This three-wheeled, gas-powered, quarter ton, lightweight mail delivery van is known as a 'mailster'. At least seven different companies produced mailsters for the Post Office Department, including Westcoaster Company, the manufacturer of this vehicle. Letter carriers began using these vehicles in the mid-1950s. Mailsters could hold about five hundred pounds of mail in their compartments.
During the first half of the twentieth century, mail trucks transported both carriers and their mail to the spot at which the carriers began their daily rounds on foot. In order to carry more mail and reach more homes, the Post Office Department began putting letter carriers behind the wheel. By using vehicles to haul all that mail, carriers could complete longer routes in the same amount of time. The Department selected vehicles that were lightweight, maneuverable, and able to withstand the rigorous demands of mail delivery service.

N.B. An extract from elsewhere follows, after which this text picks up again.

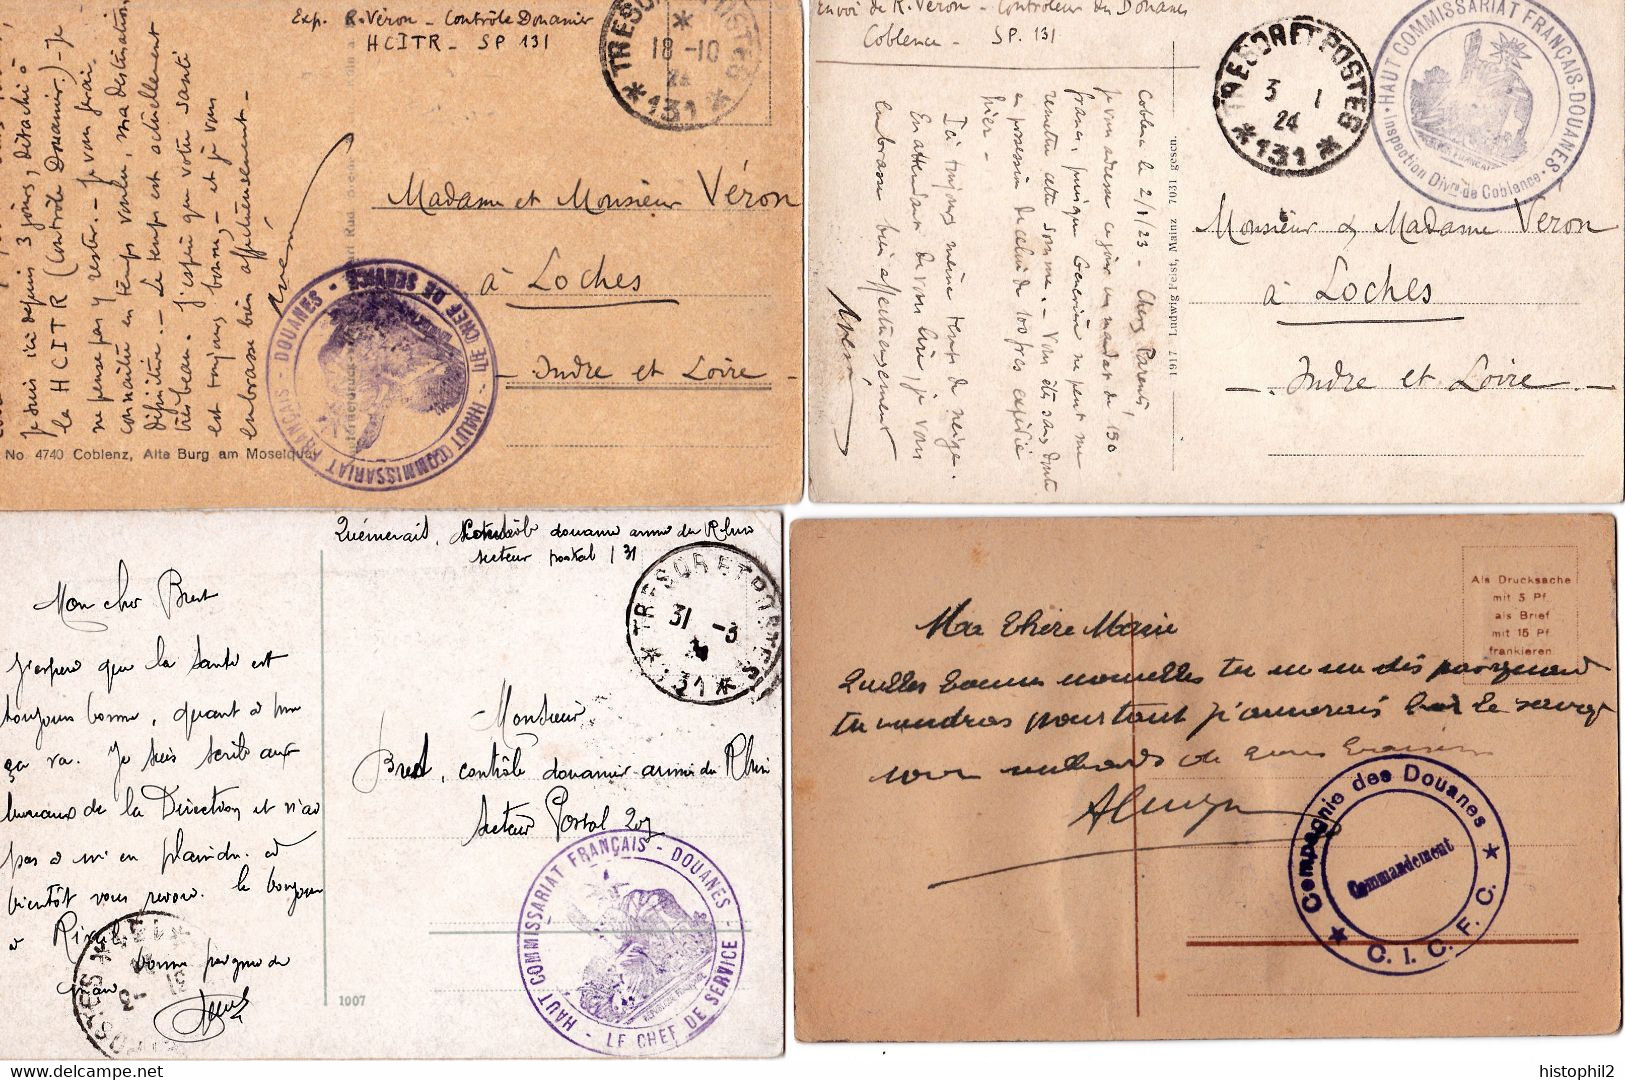 Exceptionnelle collection de 20 CP ill occupation française douaniers Rhin & Ruhr 1923-1924 en FM sf 1 affranchie à 10c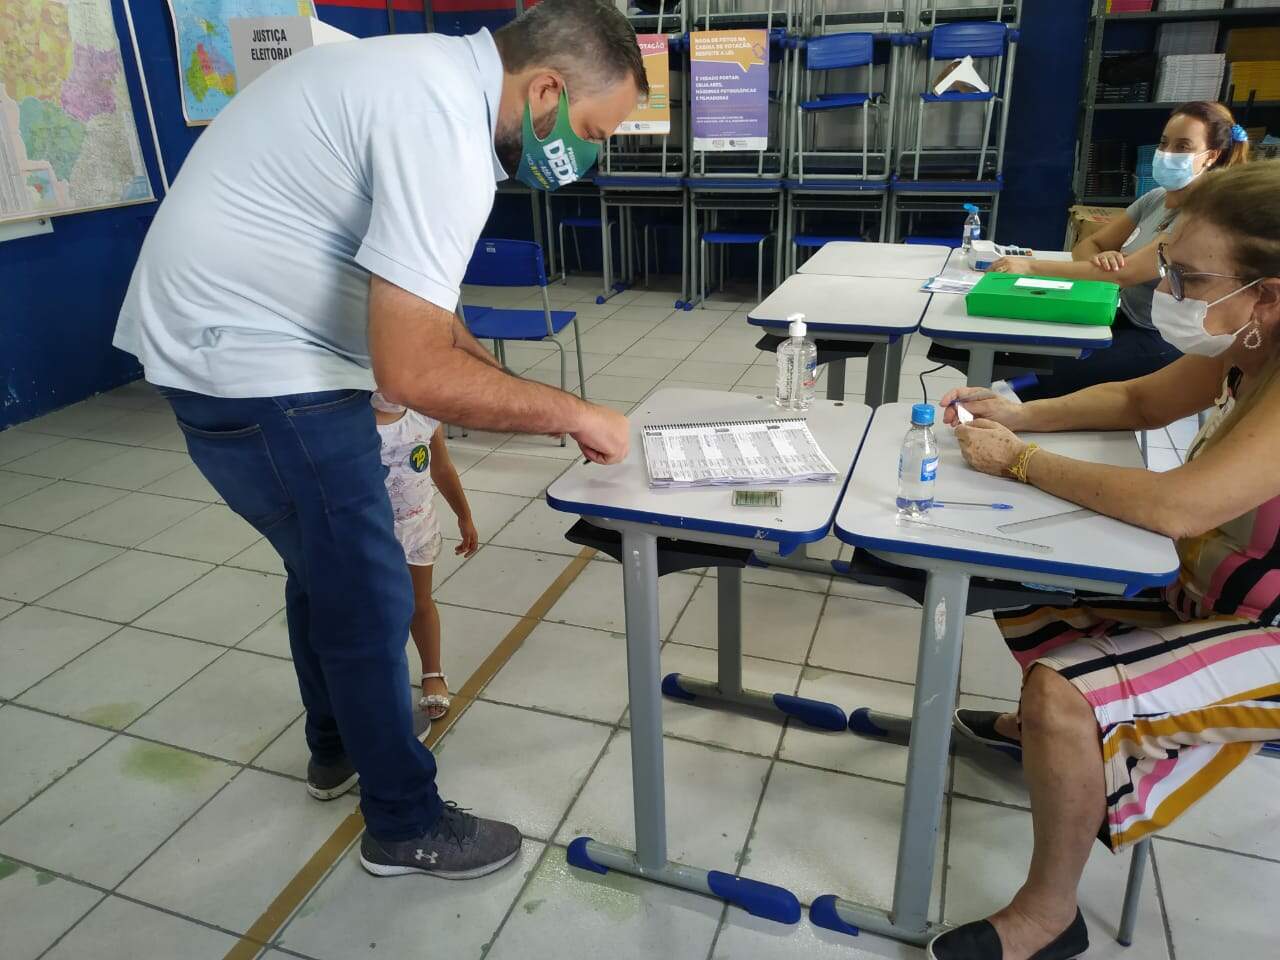 Candidato pelo DEM, Dedé do Adélia votou às 14h20, em escola no Centro

By the early 1960s, one-third of the Post Office Department’s vehicular fleet was comprised of the three-wheeled mailsters. Unfortunately, the mailsters did not work out as well as Department officials had hoped. They had originally been tested in Florida and worked well there. Mailsters were at their best in temperate climates and on even terrain. They sometimes did not work at all in other areas.
Mailsters on snowy routes might be immobilized in as little as three inches of snow, and carriers complained of the vehicle's inability to heat properly. The three-wheel design left mailsters susceptible to tipping if cornering at over twenty-five miles per hour or if caught in a wind gust. One carrier complained that a large dog tipped his mailster. The mailsters’ 7.5 horsepower engine left the vehicles creeping along in city traffic. They were prone to breakdowns with everything from brake and clutch failure to broken front axles and gear shift levers. The mailsters were phased-out and replaced by more reliable vehicles, including jeeps.
Westcoaster Company was originally known as the West Coast Machinery Company. The company manufactured electric and gas-powered vehicles for a variety of off-road uses, including for farms, airports, and golf courses.